To ensure accurate calculation of the average life expectancy for the missing field, a double self-join was carried out. This involved extracting the life expectancy values from both the previous and subsequent years. The output included the original data with the missing value, along with the subsequent year’s data, the previous year’s data, and the calculated average life expectancy.
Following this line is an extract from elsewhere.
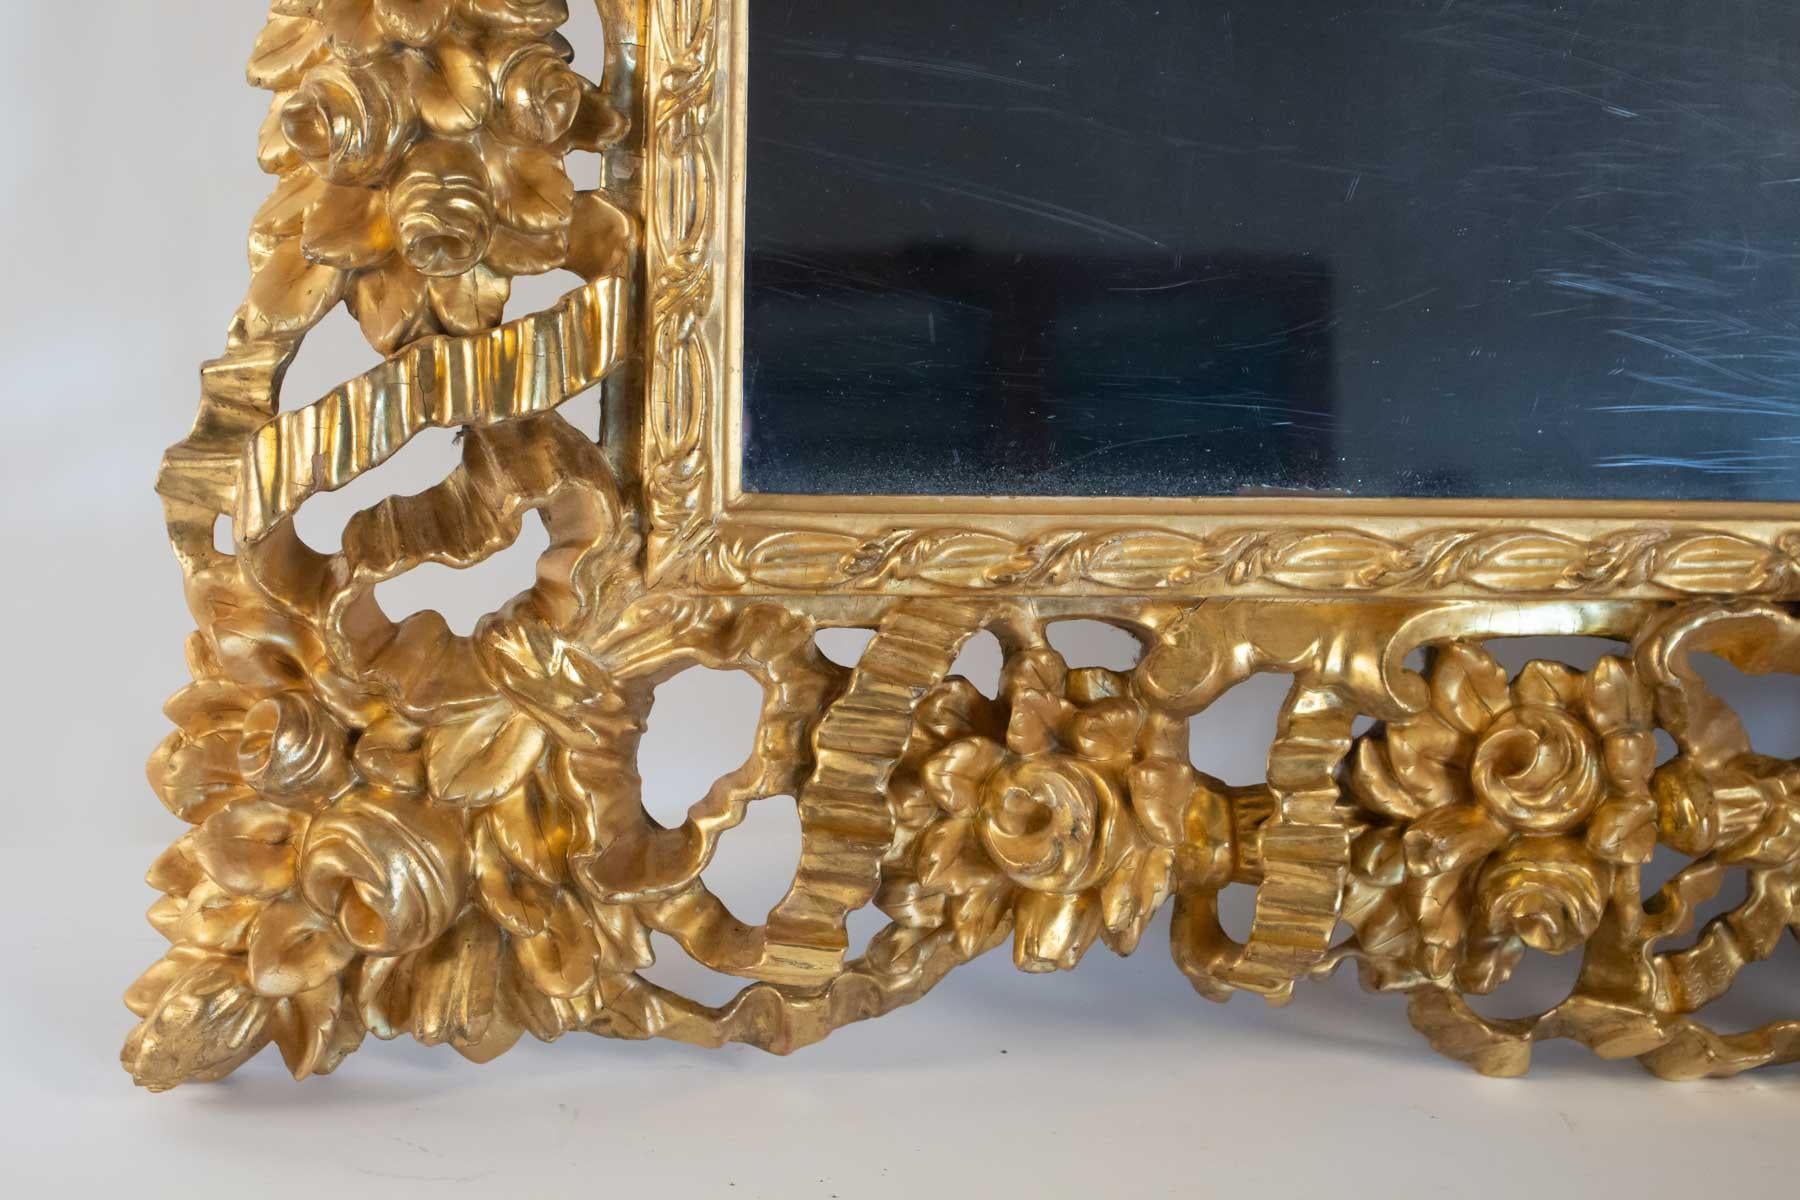 Gilt Important Napoleon III Mirror in Carved and Gilded Wood from the 19th Century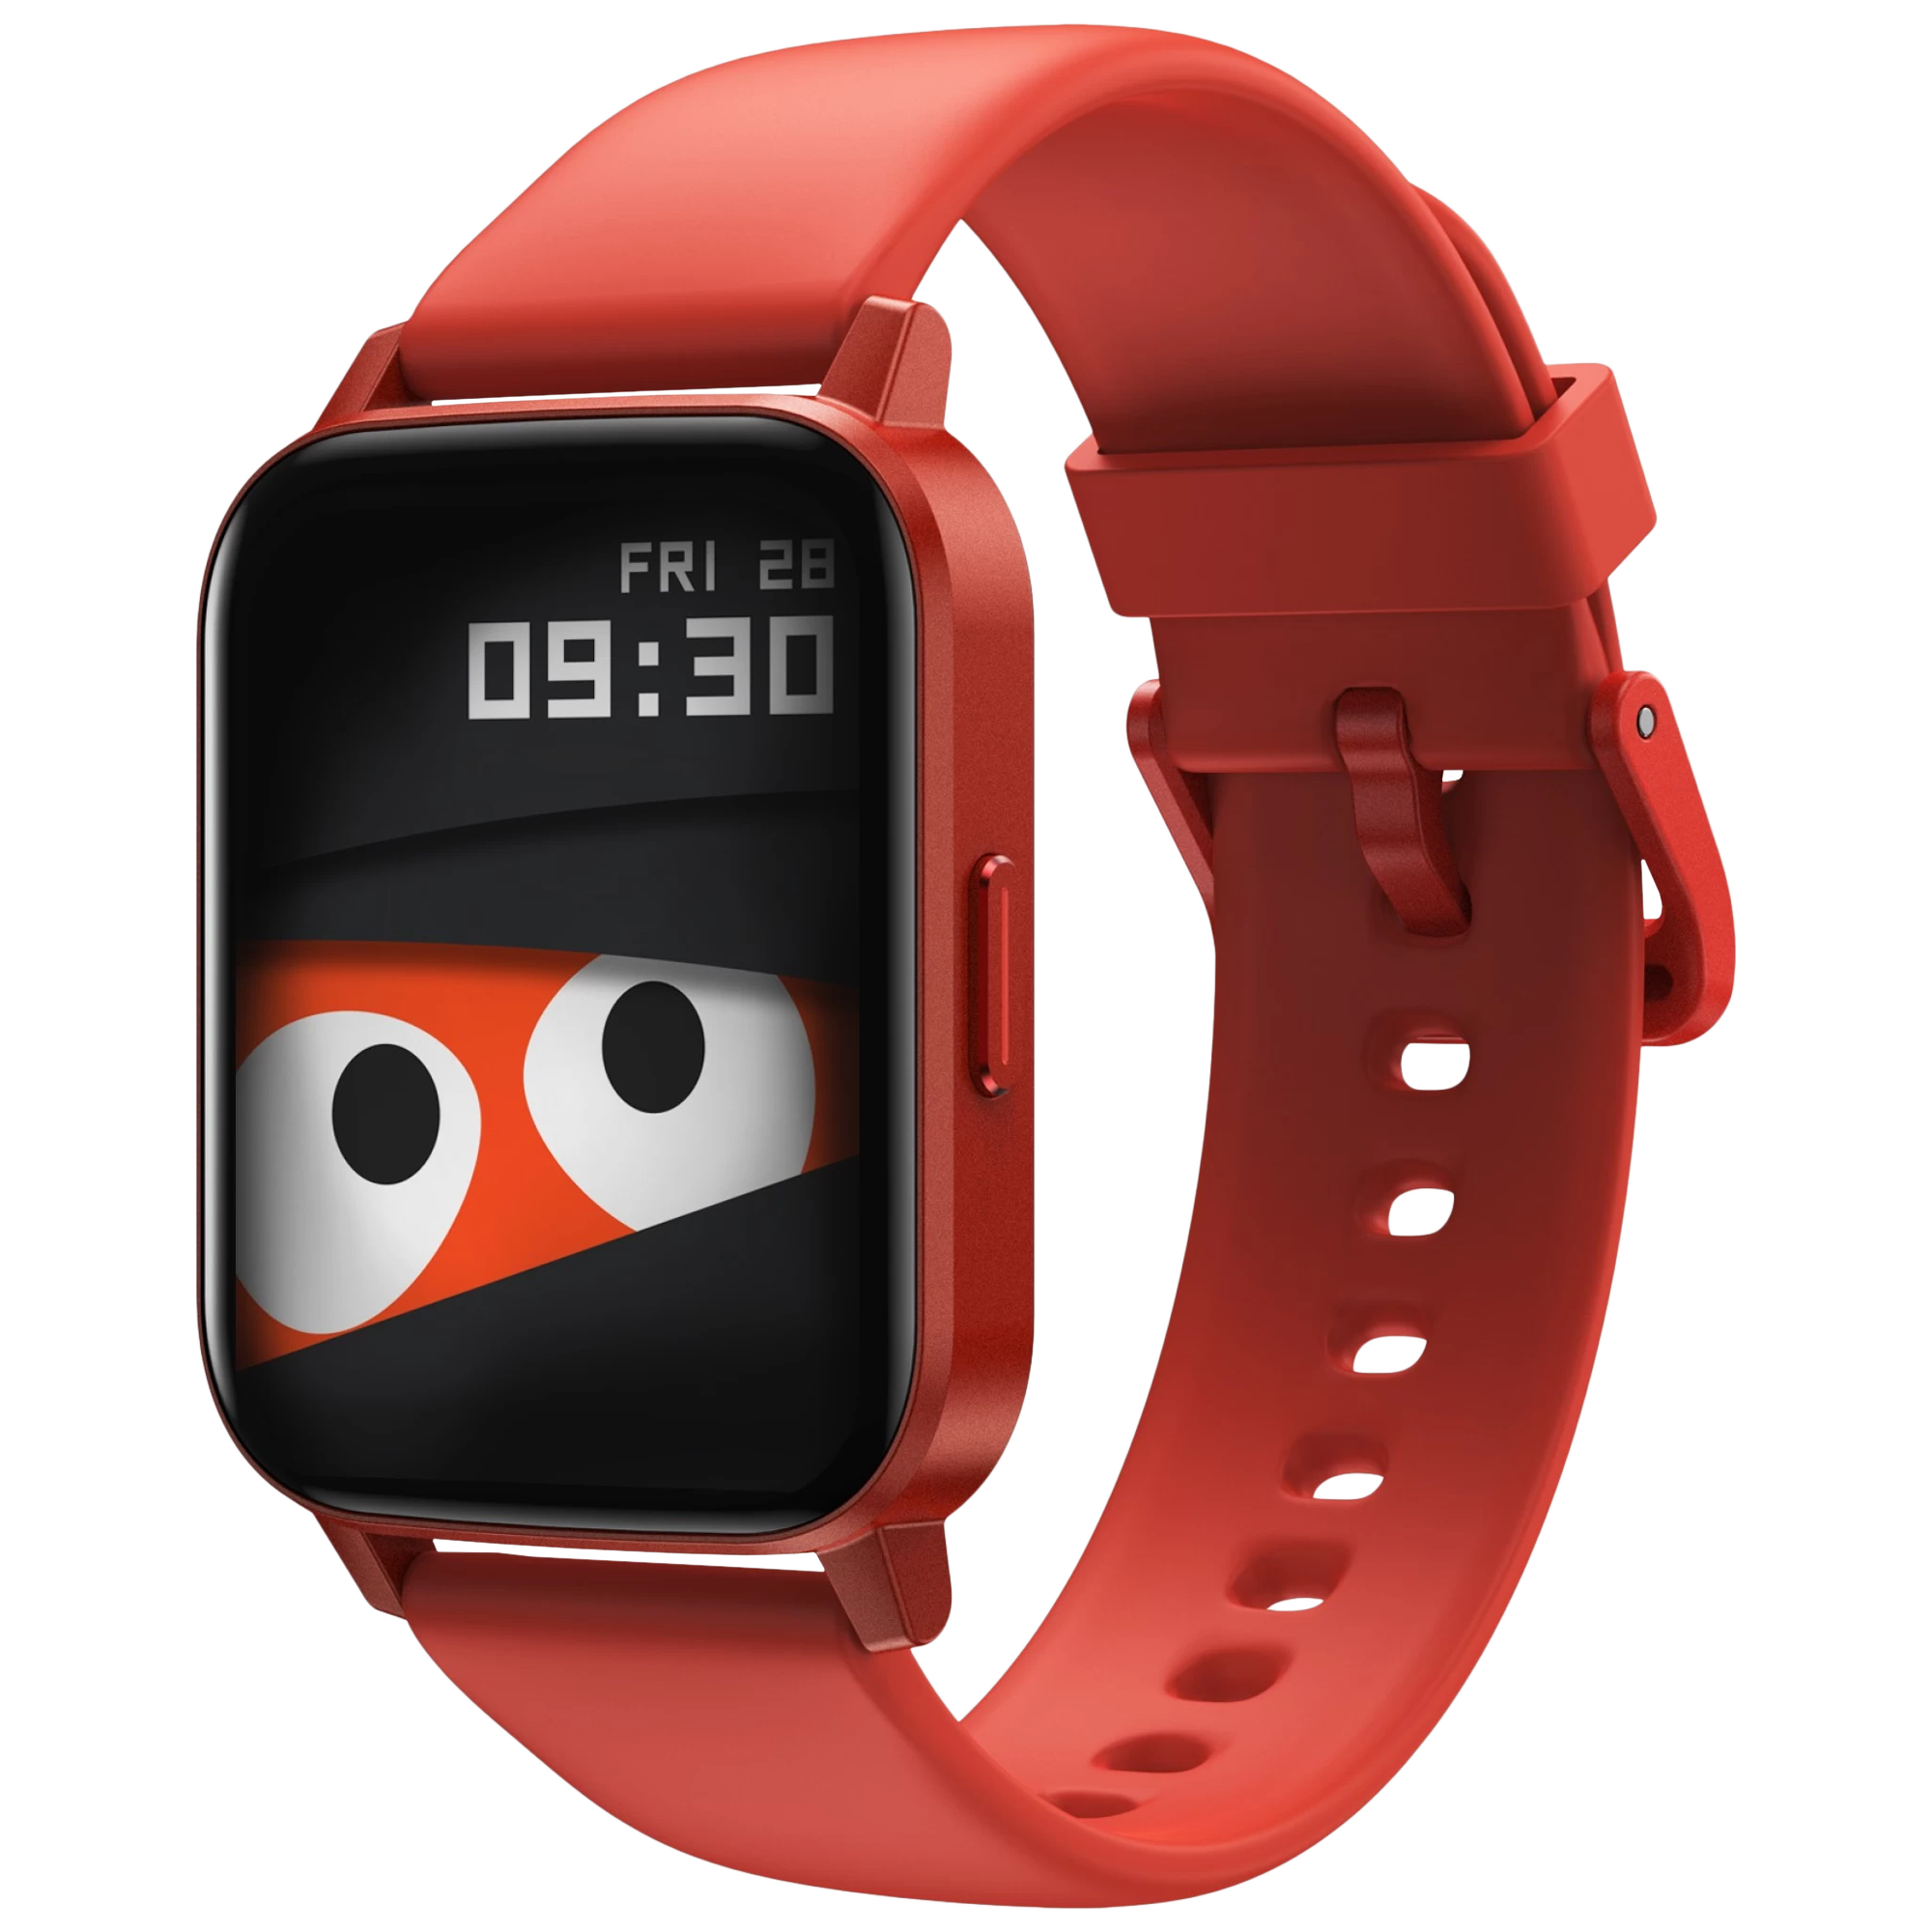 DIZO Watch 2 Sports Smartwatch with Activity Tracker (42.9mm TFT Display, 5ATM Water Resistant, Passion Red Strap)_1

This approach ensured that the correct data was used before integrating it into our main dataset.

-- Query to calculate the average life expectancy
SELECT 
	t1.Country, t1.Year, t1.`Life expectancy`, -- Original data
	t2.Country, t2.Year, t2.`Life expectancy`, -- Reflect the following year's life expectancy
	t3.Country, t3.Year, t3.`Life expectancy`, -- Reflect the previous year's life expectancy
	ROUND((t2.`Life expectancy` + t3.`Life expectancy`)/2,1) -- Calculating the average life expectancy for blank fields
FROM World_Life_Expectancy t1 -- Original data
JOIN World_Life_Expectancy t2
	ON t1.Country = t2.Country 
    AND t1.Year = t2.Year - 1 -- Following year's data 
JOIN World_Life_Expectancy t3
	ON t1.Country = t3.Country 
    AND t1.Year = t3.Year + 1 -- Previous year's data
WHERE t1.`Life expectancy` = '';

The blank fields were filled with calculated average life expectancy into the main dataset using UPDATE and self-join.

-- Filling up the blank fields in Life expectancy column with the average value 
UPDATE World_Life_Expectancy t1 
JOIN World_Life_Expectancy t2
	ON t1.Country = t2.Country 
    AND t1.Year = t2.Year - 1
JOIN World_Life_Expectancy t3
	ON t1.Country = t3.Country 
    AND t1.Year = t3.Year + 1
SET t1.`Life expectancy` = ROUND((t2.`Life expectancy` + t3.`Life expectancy`)/2,1)
WHERE t1.`Life expectancy` = '';

Exploratory Data Analysis (EDA)

Minimum and Maximum Life Expectancy for Respective Countries

While exploring the minimum and maximum life expectancy of each countries, there were some countries with 0 minimum and maximum life expectancy. This might highlight potential data quality issue which will be reviewed later on.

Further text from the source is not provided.